Some women make a one-time donation of whatever breast milk they have left in their freezer after they finish nursing their own babies. Others are able to pump more milk than their own babies need.

“Most of the moms we’ve dealt with are chronic over-producers,” Golackson said.

Golackson picks up the milk from donors who live nearby. Otherwise, it’s shipped frozen with dry ice.

Before accepting a donation, Golackson said she always asks if the donor moms smoke, drink, take prescription or street drugs, and if they have a communicable disease.

“If I feel like a mom wasn’t being honest, I could ask her to get proof from her doctor that she was completely clean, but so far we haven’t run into that issue,” Golackson said. “I have had to turn down a couple moms who were smokers.”

Ever since switching from formula to breast milk, Macyn has been thriving, Golackson said.

“She is gaining weight and growing,” Golackson said. “She’s much happier. Before she was fussing all day and all night. Now, she’s smiling and giggling and crawling all over the place.”

Burress plans to meet Golackson and Macyn this summer. She also gets to see pictures of her on Facebook.

Both Golackson and Burress have gotten mixed reactions to the situation.

“Some people think it’s kind of odd that I’m providing milk for another baby,” Burress said. “Others think it’s wonderful to do and are really encouraging and supportive of it.”

Golackson said that while some people have been supportive, others have said Macyn should be on goat’s milk instead.

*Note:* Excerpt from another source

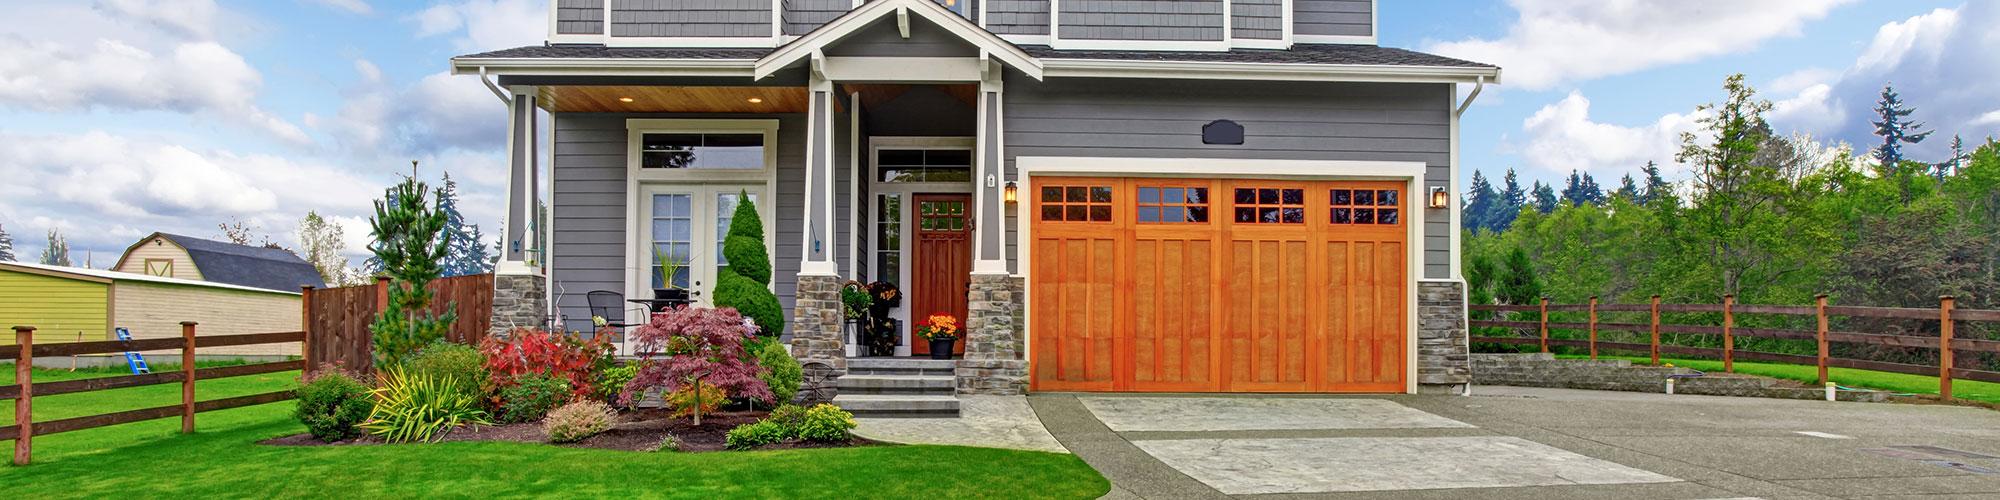 garage-door-repair-los-angeles-1 Garage Door Repair Encino

Macyn may be off breast milk in three months, if she’s able to tolerate whole cow’s milk, Golackson said.

The U.S. Food and Drug Administration recommends consulting with a health care provider if you decide to feed a baby human milk from someone other than the birth mother. The FDA also suggests only using milk from a source that has screened its milk donors, like a milk bank.

Human milk banks screen donors for health behaviors and communicable diseases, much like the way blood banks screen donors, according to the Human Milk Banking Association of North America, a voluntary professional association for human milk banks.

According to the association: Milk is transported to the milk bank frozen. The milk from several donors is pooled after thawing, and then heat-treated to kill any bacteria or viruses. The milk is processed and then refrozen.

The milk is only sold to people with a doctor’s prescription or hospital purchase order. Processing fees cover the cost of collecting, pasteurizing and dispensing the milk.

There are only 15 operational or developing milk banks in the United States, according to the association. The closest to our area are in Colorado and Iowa.

But milk from a milk bank can cost as much as $5 an ounce, according to a donor on modernmilksharing.com. And babies can drink anywhere from 15 to 35 ounces of milk a day, depending on their age and weight, according to babycenter.com.

Human Milk 4 Human Babies, a global milk-sharing network made up of thousands of people from more than 50 countries, acknowledges there can be risks in connecting with donors online, and states it’s up to individuals to make informed choices about milk sharing.

“Participants need to fully analyze these risks and make conscious decisions,” the website states. “It is up to the participants to get to know each other, to ask questions, and to continue talking and engaging with one another until a relationship of trust is established.”

The network said it’s possible to pasteurize breast milk at home by “flash-heating” it on a stovetop. Doing so can destroy a number of pathogens while retaining the greatest amount of the milk’s beneficial properties, the website states.

To flash-heat breast milk, place a glass jar of milk in a small pan of water. Make sure the water is about two fingers above the level of milk so all the milk is heated well. Heat the water until it reaches a rolling boil and then remove the jar of milk immediately. Boiling it too long will damage some of the nutrients in the milk, the website states.

The milk can be fed to a baby after it cools to room temperature.